Hey yeah, that's a good idea too, thanks. In that case, the only reason they might, is if, should Yuan still be traded with China by other countries; then to avoid a flood of money into the market dropping china's exchange rate (Respect: as Australia trade relationships would improve if other countries saw a cessation of trade with us under good terms without potential for negative impact in a removal of their currency from our basket in 1 fell swoop... where malice/problems aren't involved and good terms, then a responsible handling of a large reserve base would probably be appreciated), and/or as a value add to the general holdings (diversity of the basket of currencies), Yes. but as you pointed out, not for the actual utility of performing trade, so managing its balance would problibly also become simpler. I.E: they hold gold, but I don't think they exchange gold for anything anywhere directly... well. at least not to my knowledge. Yeah so the airport currency exchange kiosks need to be bought into the loop here or something because the physical cash trade for travelers there is ridiculous.
Spreads man, spreads aka "how can I maximise profit when I don't charge a commission"? Punters at airports are a captive market, whether it's FX exchange or a few beers.
Bibi is not happy either. Has decided to annex the West Bank to punish the Palestinians for the ICC decision . Yep, a true war crim.
not surprisingly Biden does not acknowledge this.l..cause he needs to sell more weapons to Bibi….Zelenskyy only can do ‘IOU’ to Biden…pay you later, bro….
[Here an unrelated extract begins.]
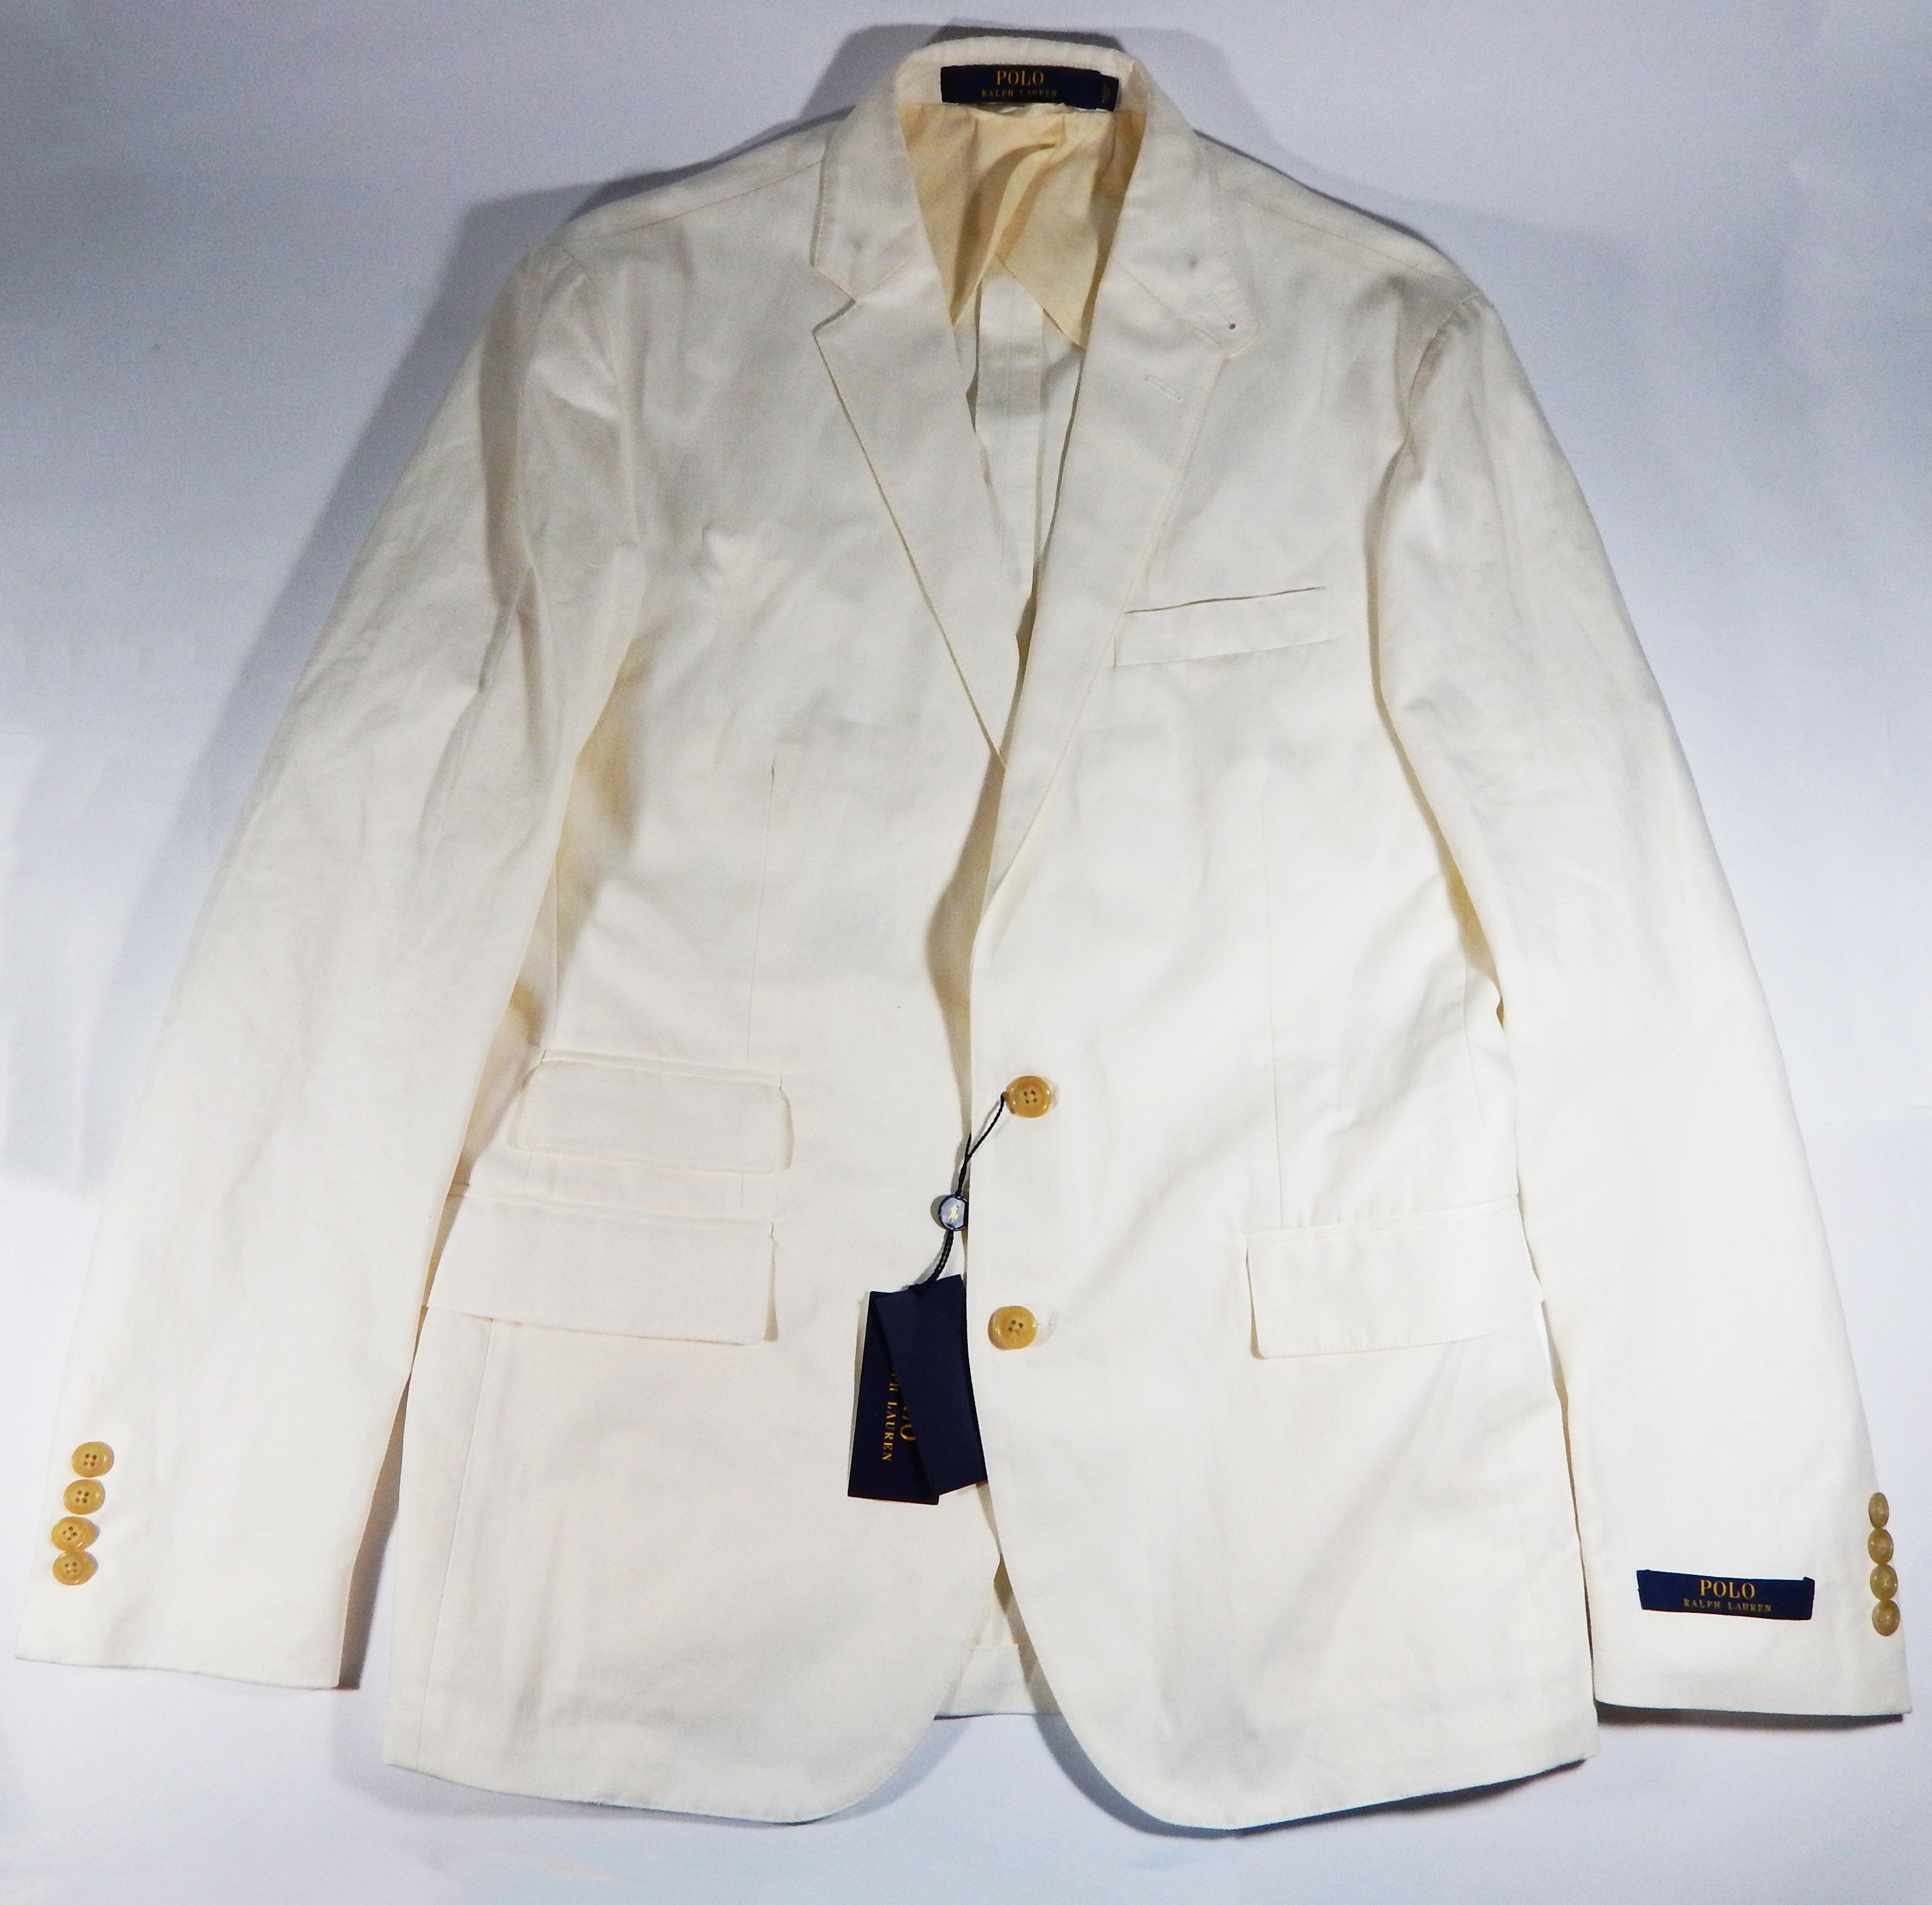 ab583297a3 NEW Polo Ralph Lauren Cotton-Linen Morgan Slim Fit Sport Coat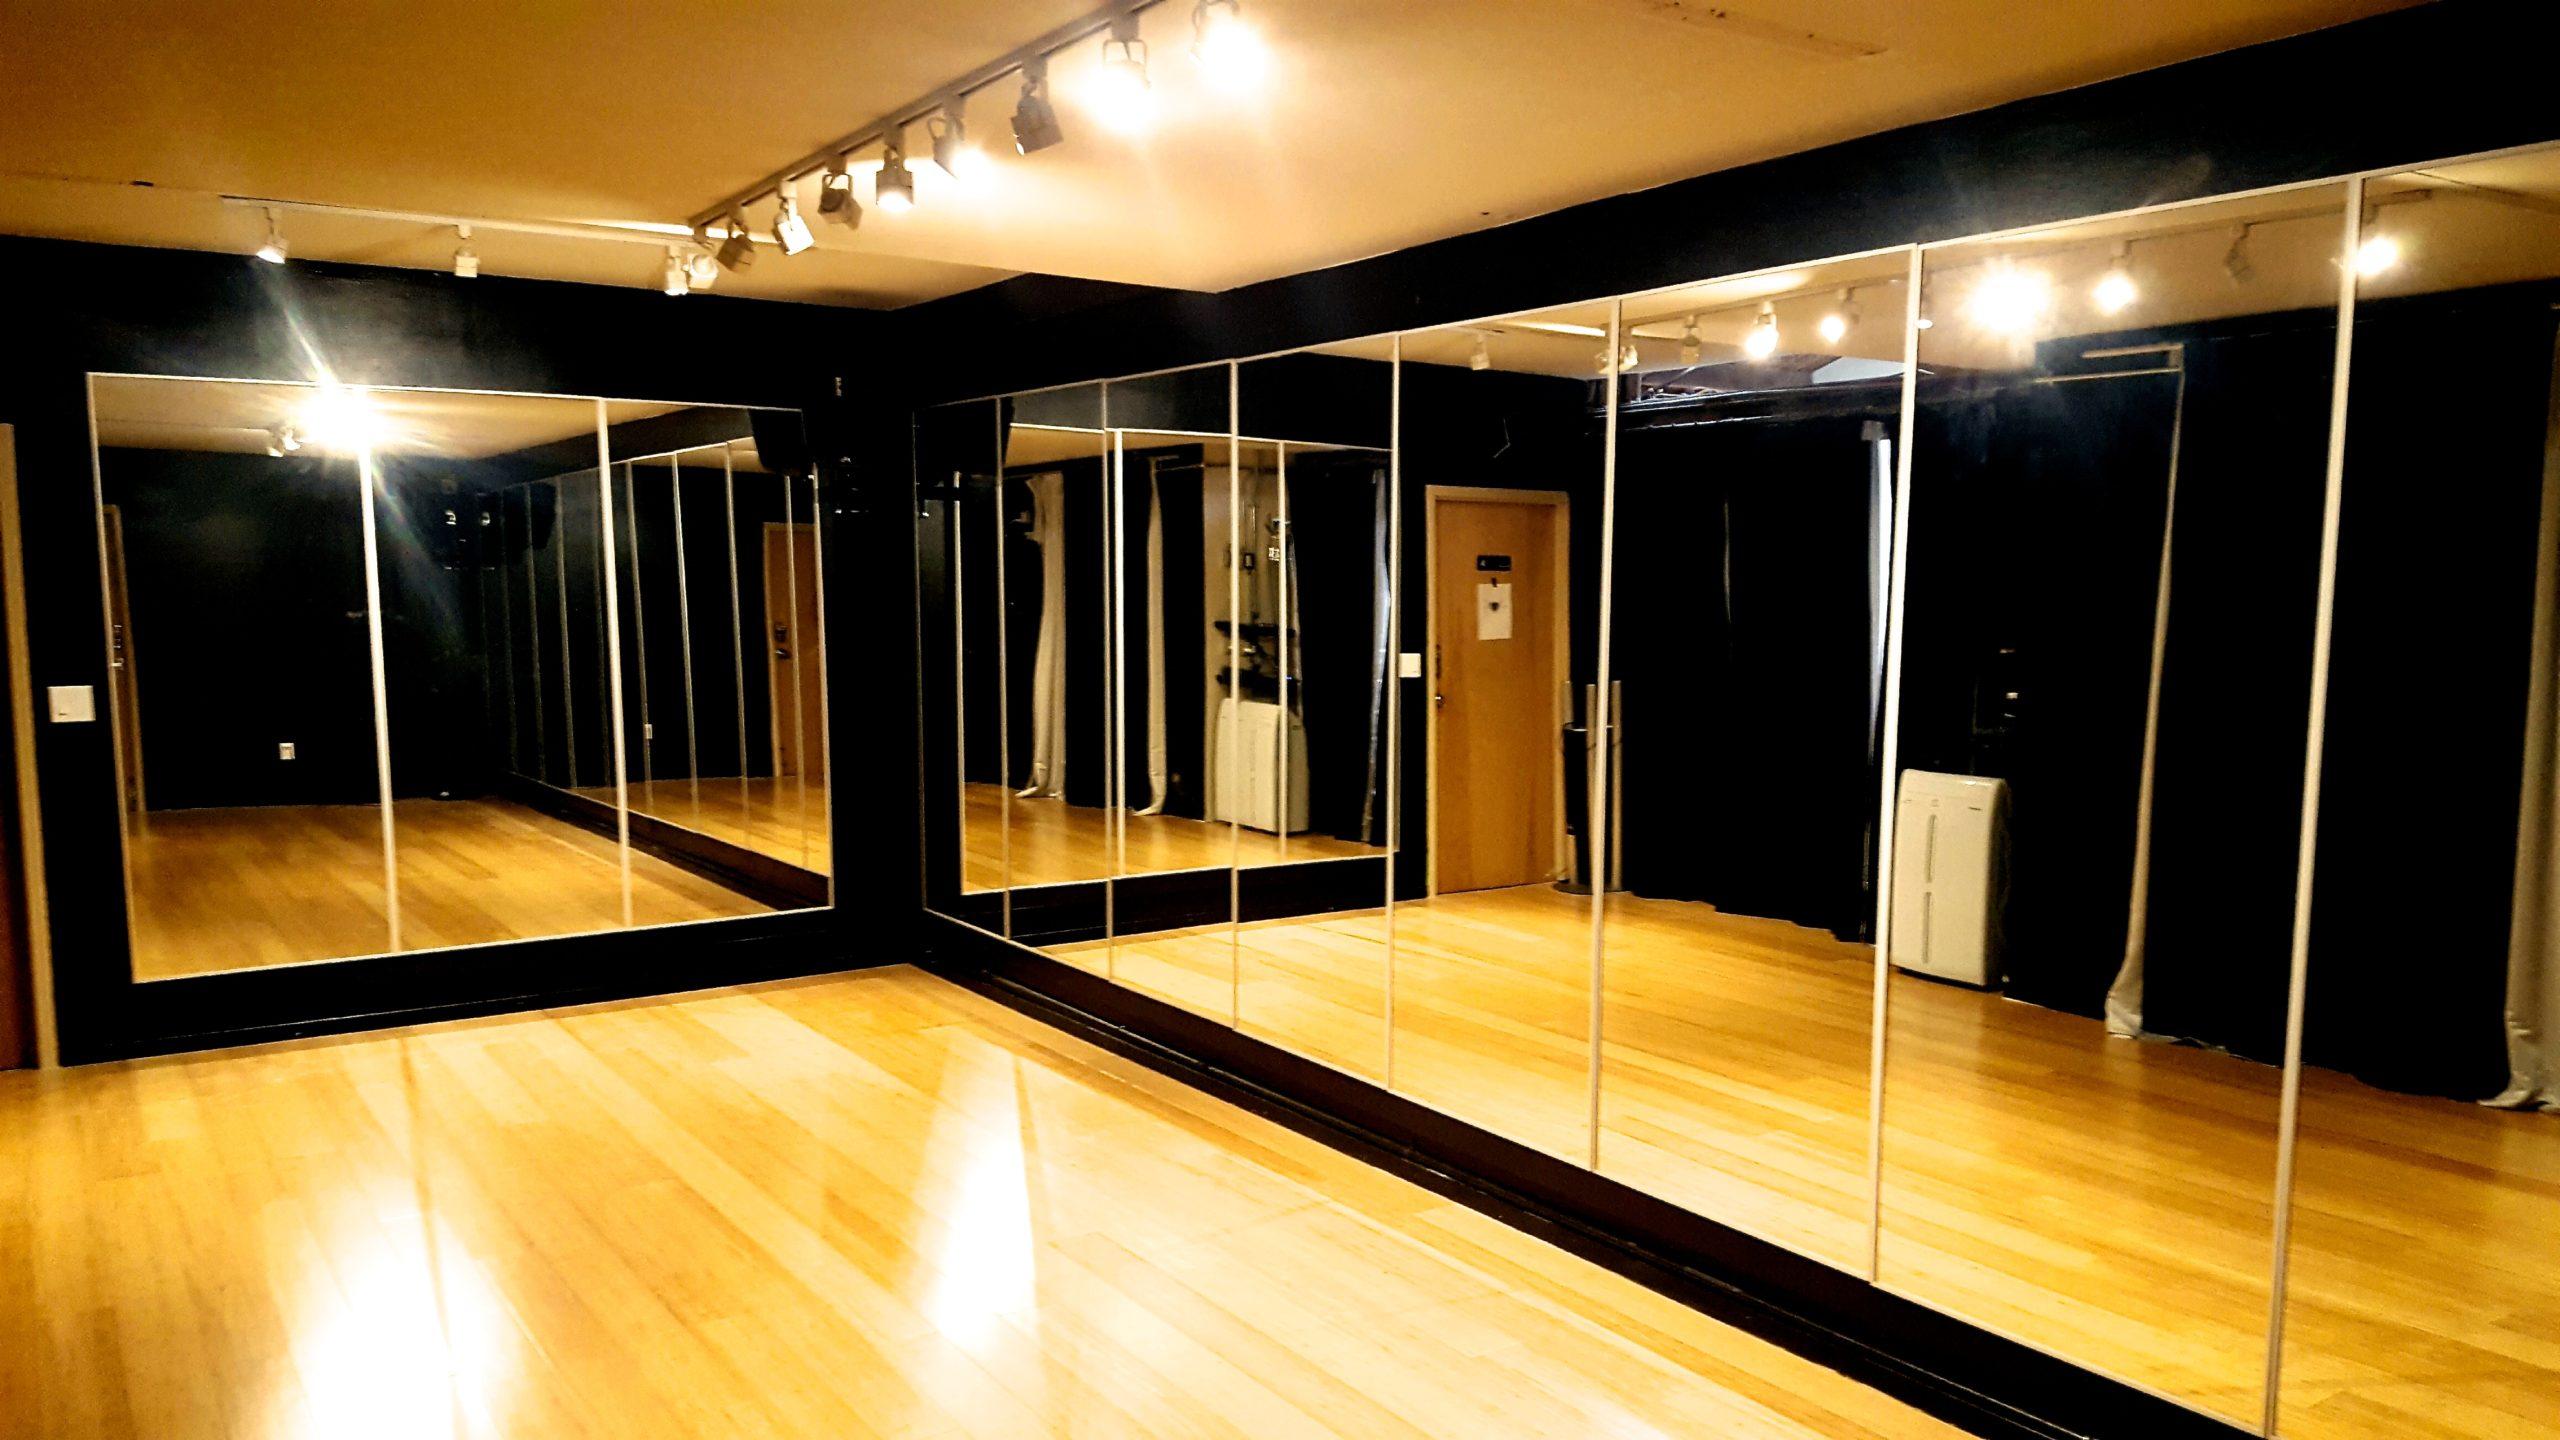 Trilliant Studios Dance Studio in Oakland California

Countries that are not members of the International Criminal Court (ICC) include: United States China India Russia Israel Saudi Arabia Iran Iraq Turkey Egypt Qatar Lebanon Sudan (which had notified the intent to withdraw after the ICC indicted former President Omar al-Bashir) Syria This list includes major global powers and influential regional states which have either not signed or not ratified the Rome Statute of the International Criminal Court. The reasons for non-membership vary from concerns about sovereignty, national security, to the perception of the ICC as biased or politically motivated, particularly against certain nations or leaders.
“So many people think that Trump's win means we’re ‘saved’ and that he’s going to rev up the economy and start paying down the national debt. But the reality is that he’s not a sound-money proponent,” Colombo told Kitco News. “His M.O. is to put pressure on the Fed to hold interest rates at ultra-low levels to juice asset prices and create a boom on his watch, as well as ramp up spending to make the economy appear to be booming.” TRUMP wouldnt do this.....
TRUMP's hired MUSK for DOGE, right...? MUSK will shed spending by 80%...just like X, and (cause US fed has no stock values) everything will look good on paper and no stakeholders to explain the spending cuts... all good for TRUMP.